Flags of China and Japan. Reuters/Yonhap News
As China has announced an export-control policy targeting Japan for dual-use (civilian and military) items including rare earths, it has begun to broadly restrict rare-earth exports to Japanese companies, the Wall Street Journal (WSJ) reported on the 8th (local time).
Citing two rare-earth exporters in China, the WSJ reported that China has begun restricting exports of medium-and-heavy rare earths and magnets containing them to Japanese firms. Reviews of rare-earth export-license applications bound for Japan have been suspended, and these licensing curbs are being applied not only to Japanese defense-industry companies but across Japanese industry as a whole, it added.
On the 6th, China banned exports of dual-use items intended for purposes that would help enhance Japan’s military capabilities, including Japanese military end-users, and even signaled a ‘secondary boycott’ targeting third countries that transfer Chinese-made dual-use items to Japan.
China Daily, the state-run English-language newspaper, also reported on the 7th, citing sources, that the Chinese government is considering tightening reviews of export-control licenses to Japan for seven medium-and-heavy rare earths that were designated for control in April last year. This raised the possibility that rare-earth exports for civilian use could also be restricted. At a regular briefing that day, Commerce Ministry spokesperson He Yadong said, “the civilian-use sector will not be affected,” but in practice it appears that not only rare-earth exports for military purposes but also those for civilian use are being squeezed.
In April last year, as the U.S.-China tariff war intensified, China defined seven medium-and-heavy rare earths among the 17 rare-earth elements samarium, gadolinium, terbium, dysprosium, lutetium, scandium, and yttrium and related items as dual-use goods and has been managing them under export controls. To take these items out of China, a special export permit must be obtained after review, and China has regulated overall rare-earth exports by withholding permits or delaying procedures.
China effectively halted rare-earth exports to Japan when the two sides clashed in 2010 over the Senkaku Islands (called Diaoyudao in China), dealing a blow. Since then, Japan has tried to reduce its dependence on Chinese rare earths, but it still relies on China for around 60%. Nomura Research Institute predicted that if China restricts rare-earth exports for one year, Japan’s economic losses would amount to about 2.6 trillion yen (about 24 trillion won).

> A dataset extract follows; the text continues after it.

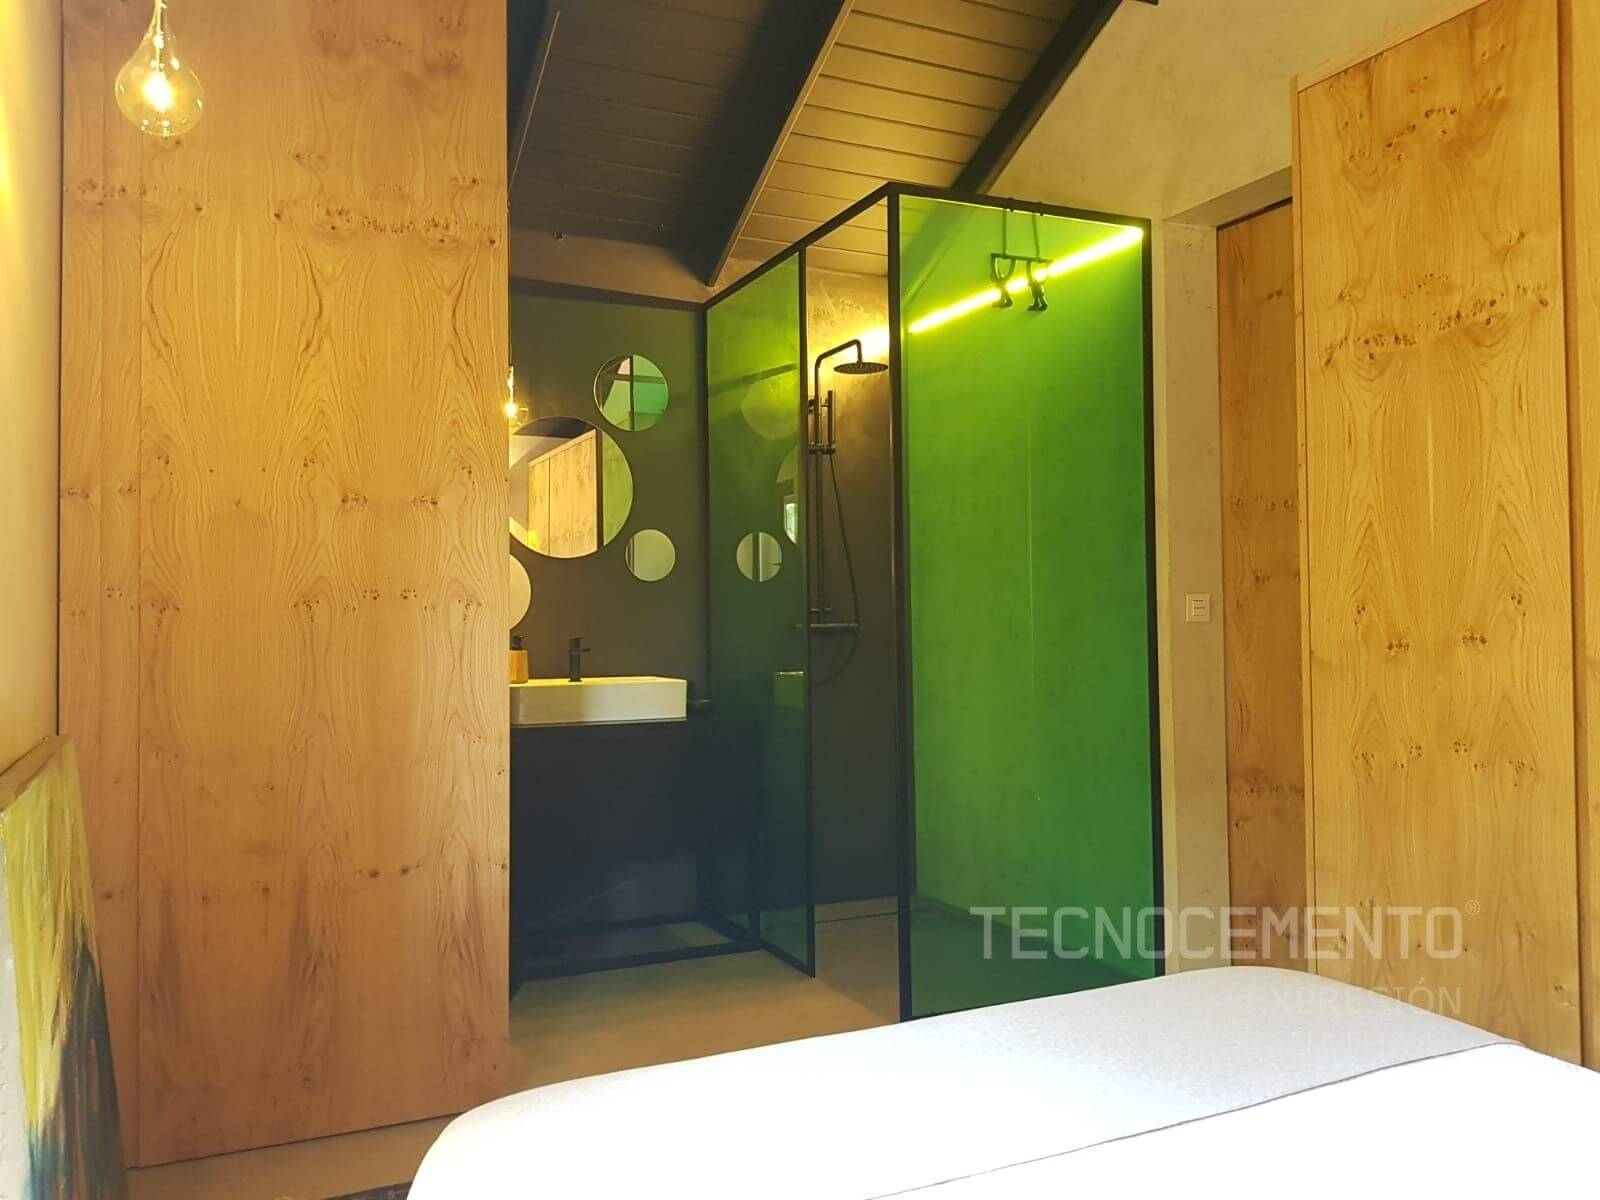 baños con microcemento Tecnocemento

David S. Abraham, a rare-earth analyst who studied critical-minerals trade for Japan’s Ministry of Economy, Trade and Industry during the 2010 rare-earth crisis, said China’s rare-earth export restrictions would cause industrial disruptions in Japan that would ripple through global supply chains, saying, “the impact will seep in and spread.”
China ratcheted up pressure by pulling out the rare-earth export-restriction card roughly two months after remarks in November last year by Japanese Prime Minister Sanae Takaichi suggesting ‘intervention in the event of a Taiwan contingency’. Last year, China also issued an advisory urging its citizens to refrain from traveling to Japan, postponed the screening of Japanese films, and imposed a ban on imports of Japanese seafood.